Observa-se que, em nenhum momento, o art. 1829 CC/02 faz menção ao companheiro(a) como herdeiro. Os conviventes através da união estável,eram considerados herdeiros especiais e a sucessão era regulamentada unicamente pelo art. 1970 CC/02.
O referido artigo colocava o companheiro em situação inferior à situação do Cônjuge sobrevivente. A Constituição Federal concede a mesma e igual proteção à família, independentemente da sua formatação: se por meio do casamento ou da união estável.
Importantes são as palavras de Maria Berenice Dias (2017):
A simples recomendação — aliás, para lá de inútil — de ser facilitada a conversão da união estável em casamento não hierarquiza os dois institutos. Não coloca o casamento como modelo.
Ainda assim, de modo para lá de desarrazoado, a lei insiste em deferir-lhes tratamento distinto. Principalmente em sede de direito sucessório. O Código Civil considera o cônjuge herdeiro necessário, e o companheiro, não. Ao atribuir a quem compartilhou a vida, uma parte do que cabe aos filhos, estabelece outra e desarrazoada distinção
A situação sucessória do cônjuge sobrevivente tinha uma situação muito mais protetiva, vez que este tem as seguintes regras:
Quando concorre com descendentes, caso seja casado pelo regime da comunhão universal de bens, é meeiro e não herdeiro; quando casado pelo regime da comunhão parcial de bens, é meeiro dos bens comuns e herdeiro dos bens particulares; se casado pelo regime da separação legal, é herdeiro dos bens particulares; se casado pelo regime da separação obrigatória de bens, é meeiro dos bens adquiridos com o esforço comum e se casado pelo regime da participação final nos aquestos, segue a regra do regime da comunhão parcial de bens.

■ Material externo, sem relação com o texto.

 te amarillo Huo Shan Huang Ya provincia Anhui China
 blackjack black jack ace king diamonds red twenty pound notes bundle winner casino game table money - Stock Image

Já quando concorre com ascendentes, a regra muda. Diante desta regra, o cônjuge sobrevivente herda, independente do regime de bens. Se casado no regime da comunhão universal de bens, é meeiro dos bens comuns e herdeiro dos bens particulares; quando casado pelo regime da comunhão parcial de bens, é meeiro dos bens comuns e herdeiro dos bens particulares; se casado pelo regime da separação legal, é herdeiro dos bens particulares; se casado pelo regime da separação obrigatória de bens, é meeiro dos bens adquiridos com o esforço comum e se casado pelo regime da participação final nos aquestos, segue a regra do regime da comunhão parcial de bens.
O cônjuge herda isoladamente todo o acervo hereditário, caso o falecido não tenha deixado ascendentes e nem descendentes.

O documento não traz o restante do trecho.